As a result, a wide variety of steps were taken in the wake of 9/11 to make it harder to violate immigration laws. But because any tightening of our system intended to exclude or catch terrorists will inevitably do the same for all other immigration lawbreakers, powerful interests opposed these measures, leaving many of the initiatives stalled or unfinished until today. A few examples:

The 9/11 Commission recognized the importance of a secure system of identification and advocated federal standards for state driver’s licenses, the foundation of our decentralized national ID system. (The 19 hijackers has nearly 30 driver’s licenses.) Congress followed through and passed the Real ID Act in 2005, preserving the right of states to issue any kind of license they wanted, but setting out common-sense minimum standards for any state ID that would be accepted for federal purposes (like boarding an airplane).

The deadline for the law — the date after which deficient state licenses would no longer be accepted — was originally supposed to be 2009. It’s been continually postponed, with the latest “deadline” set for May 2023. Among other things, that means illegal aliens (like five of the hijackers who were visa overstays) can still board airplanes if they can get a license from a state that issues them to illegals.

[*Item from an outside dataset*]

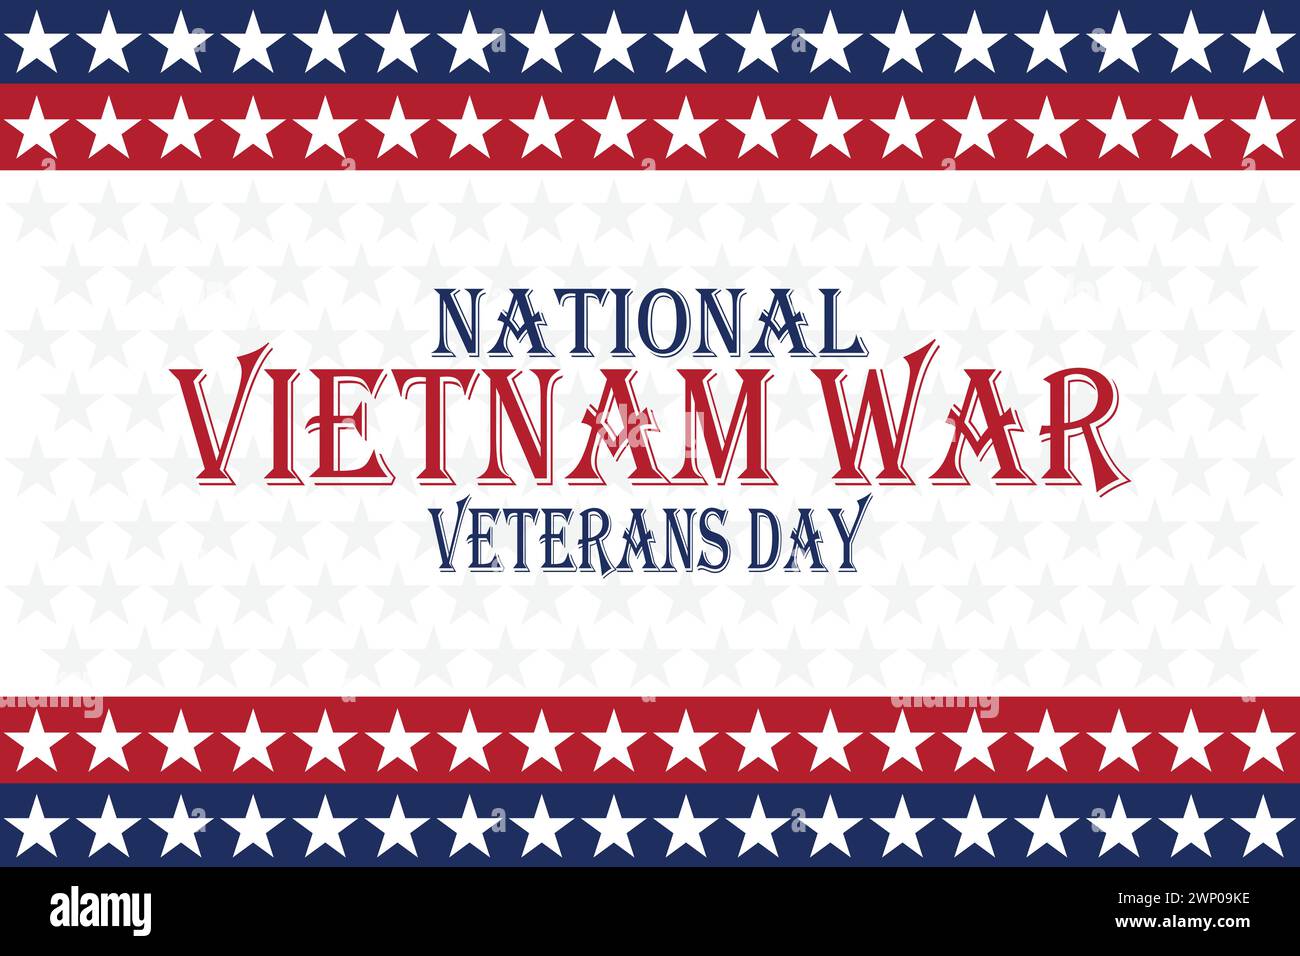 National Vietnam War Veterans Day. Holiday concept. Template for background, banner, card, poster with text inscription Stock Vector

Another post-9/11 initiative recommended by the 9/11 Commission and mandated by Congress is an electronic entry-exit tracking system, a check-in/check-out mechanism for foreign visitors. The good news is that “check-in” part has improved immensely over the past two decades. The bad news: There’s still no meaningful check-out system, and if you don’t know who’s left you can’t know who’s still here illegally as a visa-overstayer.

Congress has re-mandated an exit-tracking system eight more times, by my count, and it still doesn’t fully exist. In fact, President Obama’s first DHS secretary, Janet Napolitano, brazenly told Congress she just didn’t consider it a priority. Visa overstays as a share of new illegal immigration are probably down, what with limits on air travel and Biden’s border disaster, but that will change soon enough, and we remain unprepared.

Another weakness identified by the 9/11 Commission was student visas — tracking both what foreign students were studying (did they switch from accounting to nuclear engineering?) but also whether they showed up for class at all. One of the hijackers — Hani Hanjour — used a student visa to enter the country but never even pretended to visit the school he was supposed to attend, and no one followed up or was even aware of it.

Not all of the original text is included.